*Your instructions:* Transcribe the entries below exactly from their first line through the line containing "Stadion Uniii Tarnów", and let no picture into the copy.

Start of Available data

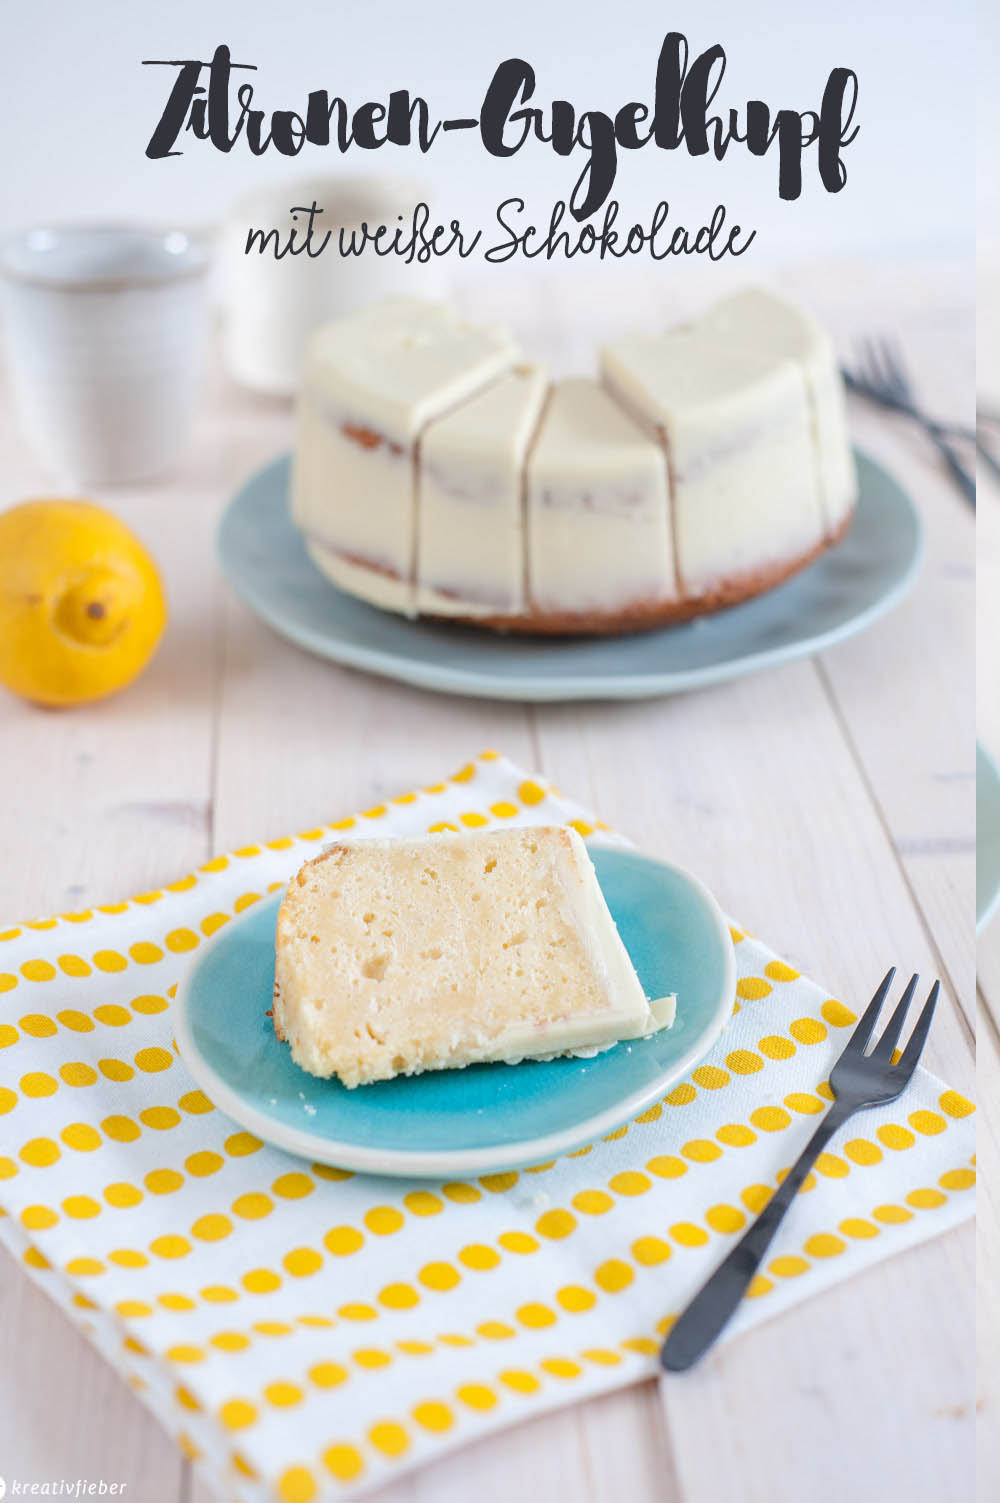 Zitronenkuchen mit weißer Schokoladenüberzug
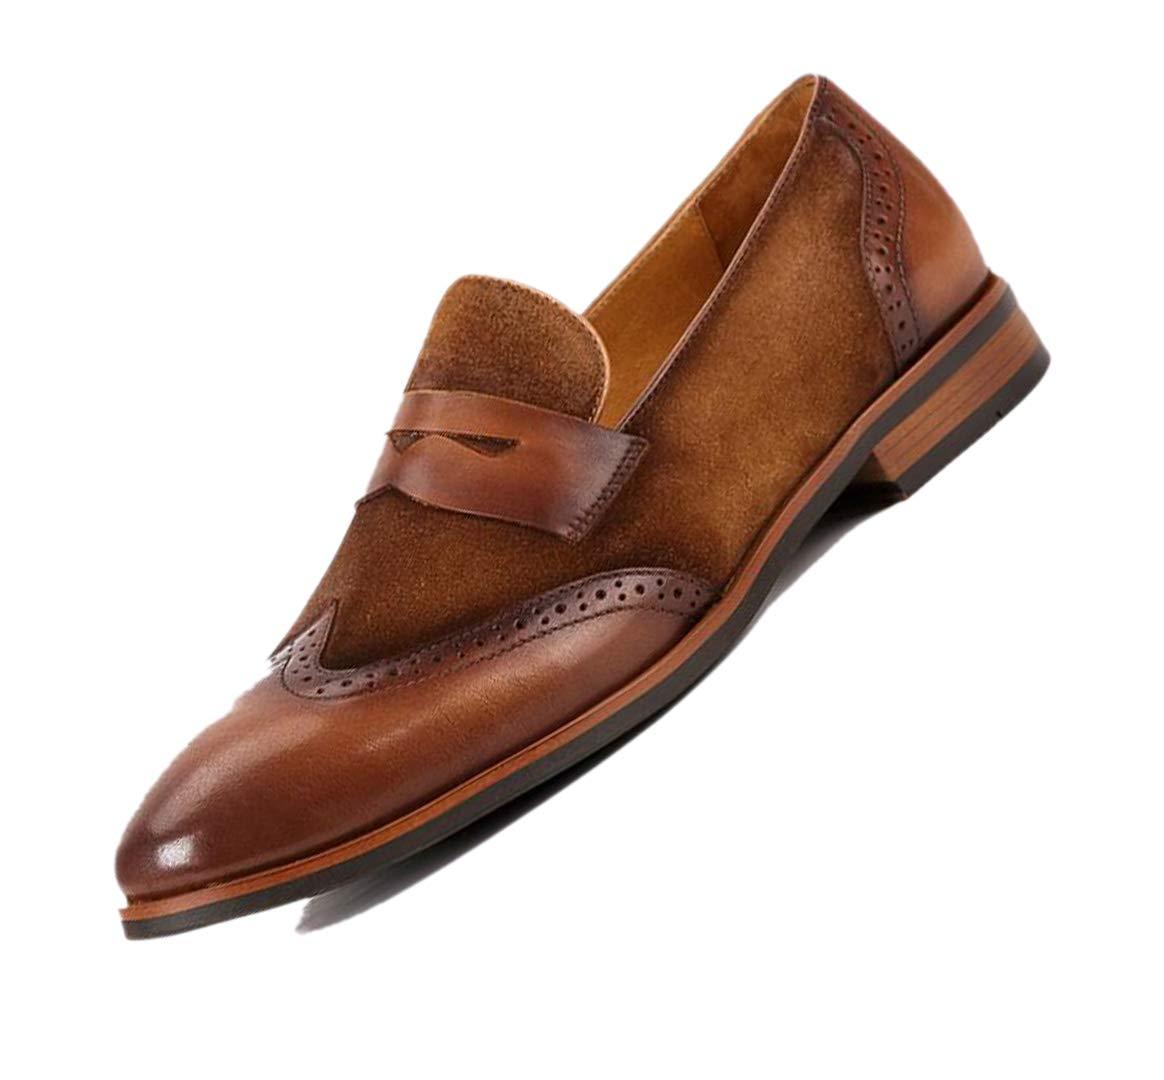 Costura Broch Puntiagudo Tallado No Cierre marrón marrón Oscuro hombres De Conducción zapatos De Cuero Mocasines Caballero Suede Hecho A Mano marrón
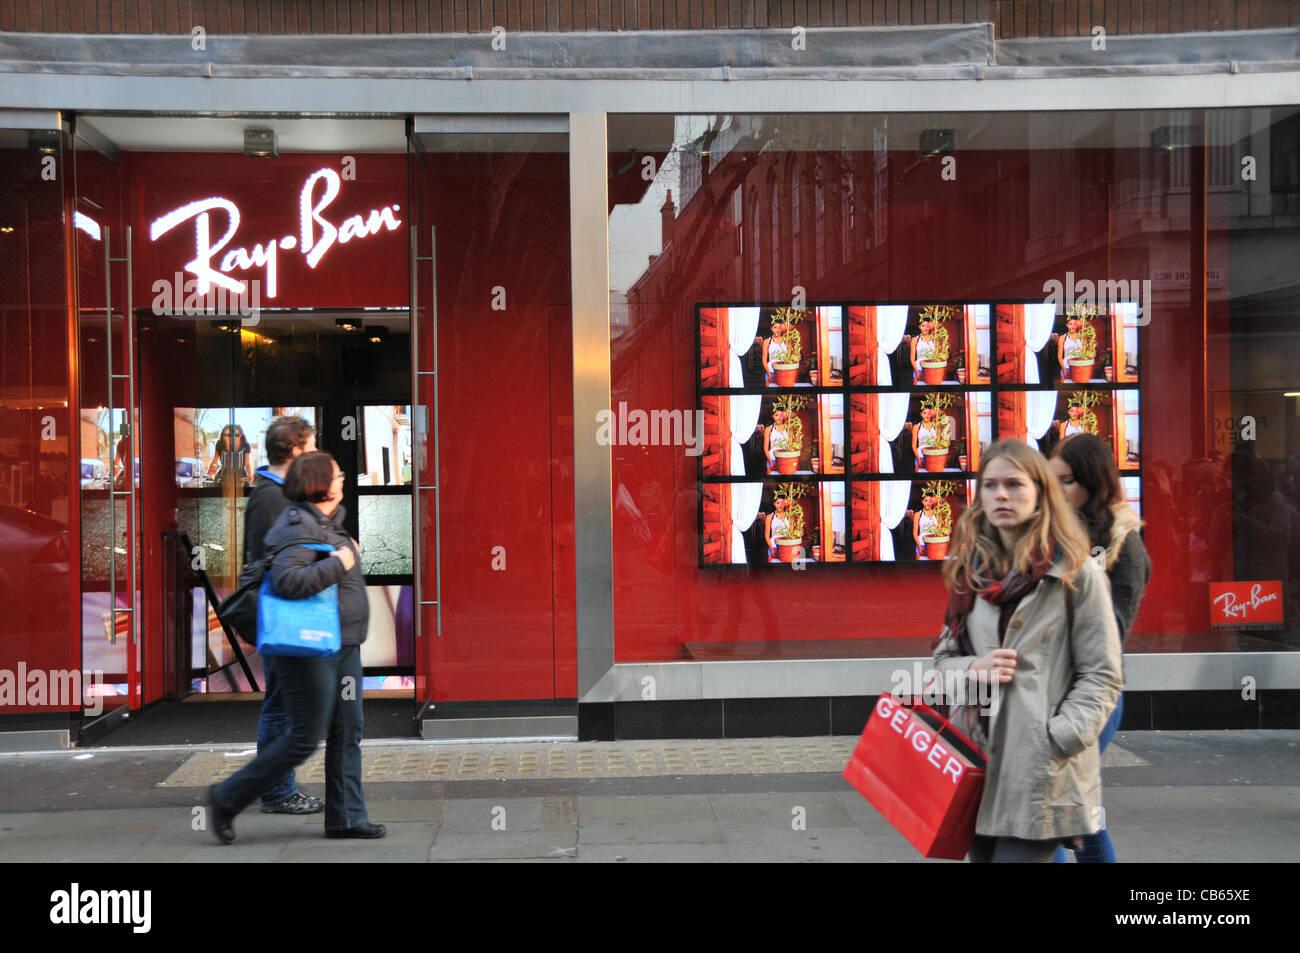 ray ban shopping  Ray Bans Stock Photos \u0026 Ray Bans Stock Images - Alamy
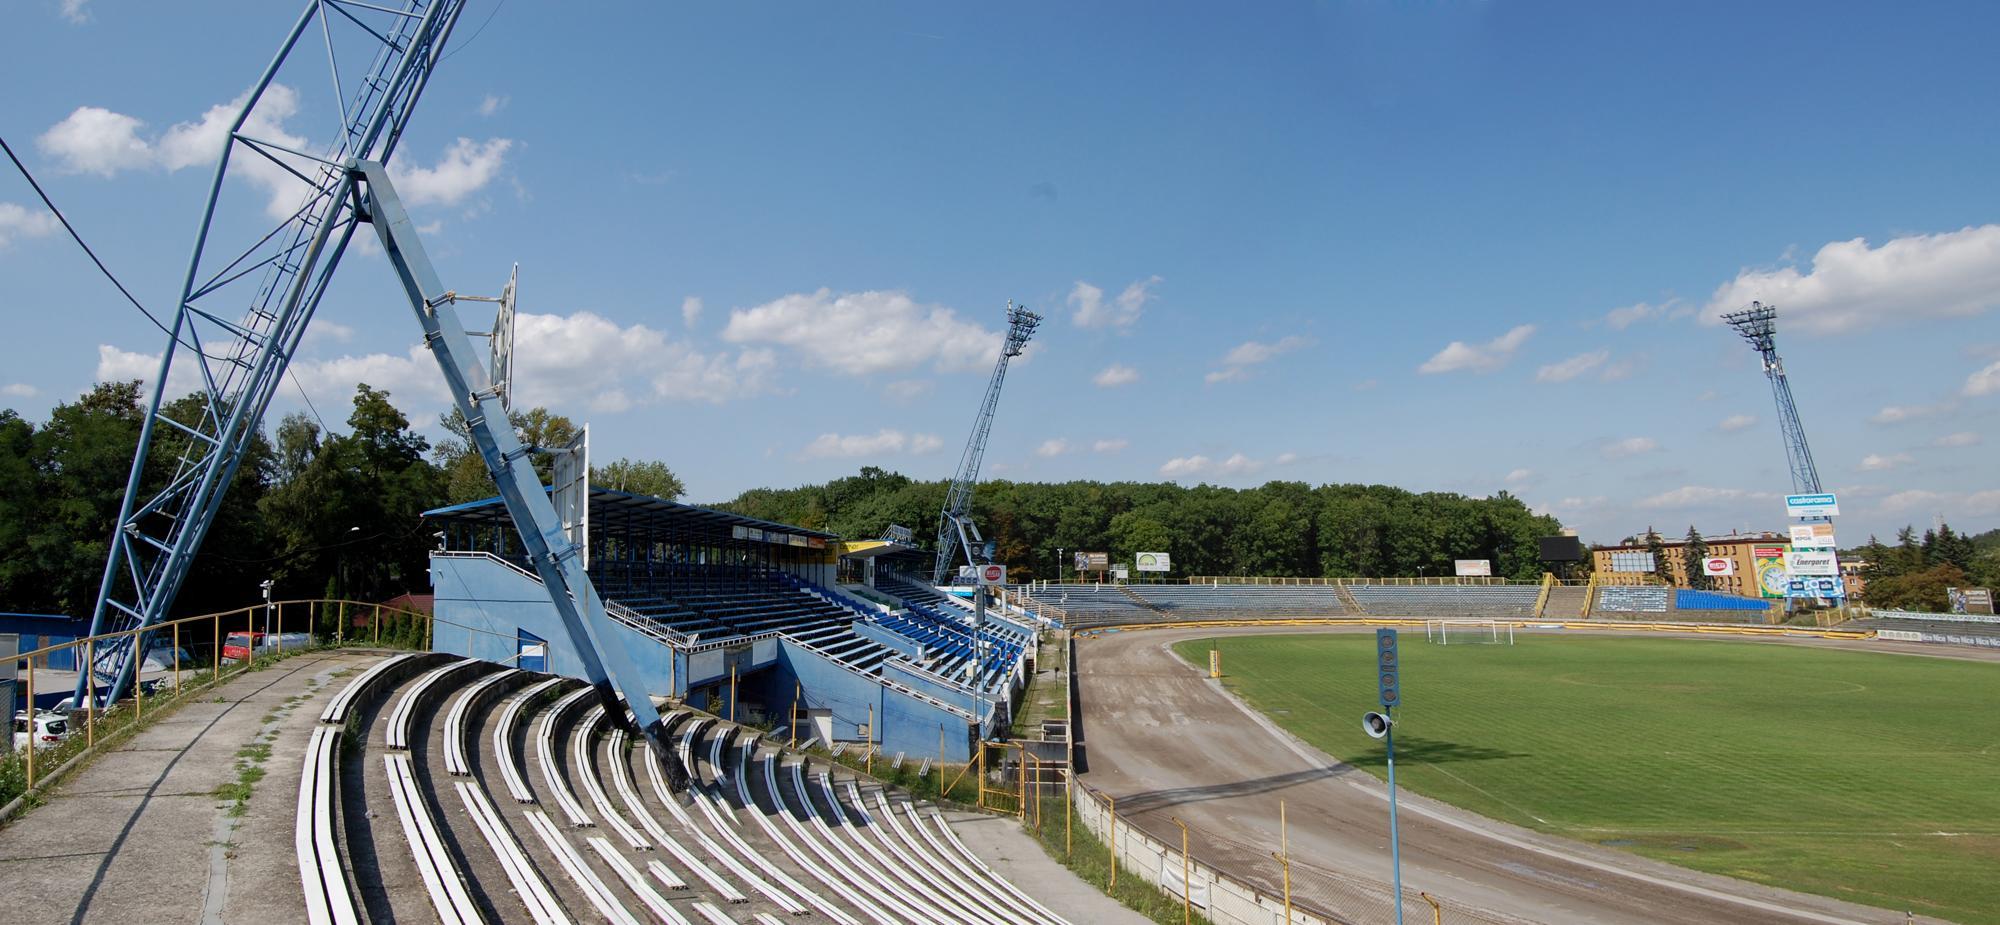 Stadion Uniii Tarnów
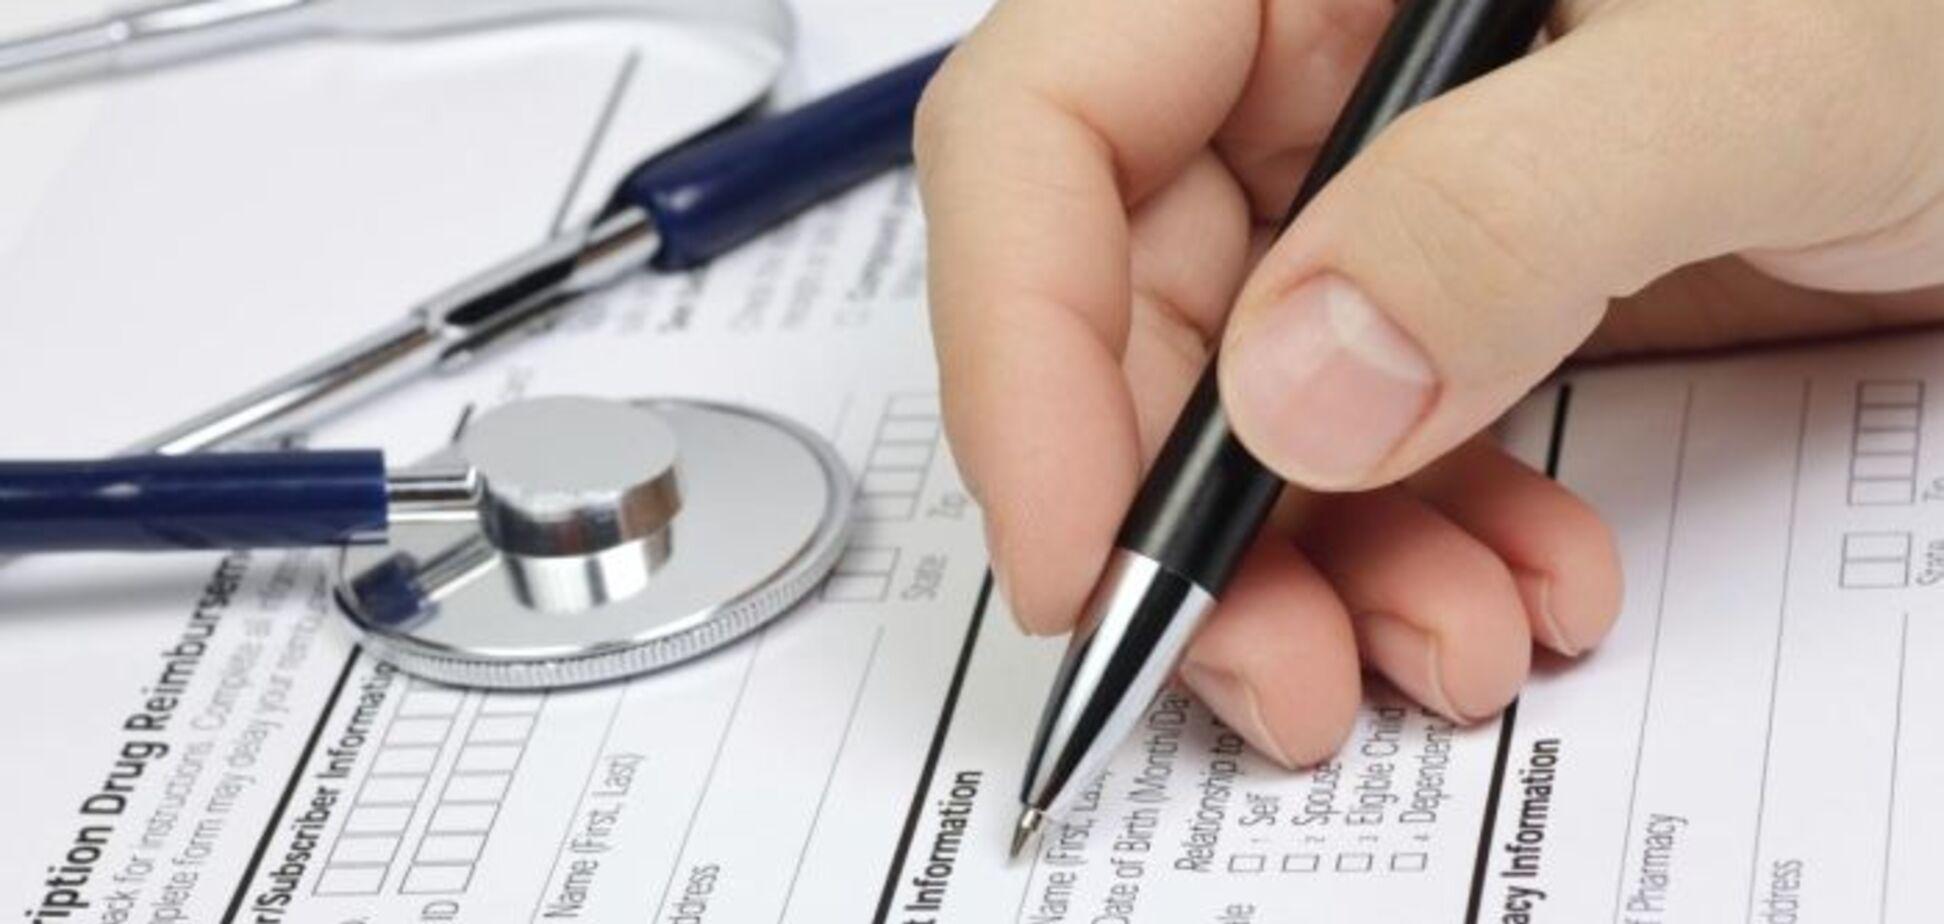 Эксперт рассказал, почему украинцы обречены на внедрение медицинского страхования

End of Available data

*Exercise solution:*
 Zitronenkuchen mit weißer Schokoladenüberzug
 Costura Broch Puntiagudo Tallado No Cierre marrón marrón Oscuro hombres De Conducción zapatos De Cuero Mocasines Caballero Suede Hecho A Mano marrón
 ray ban shopping  Ray Bans Stock Photos \u0026 Ray Bans Stock Images - Alamy
 Stadion Uniii Tarnów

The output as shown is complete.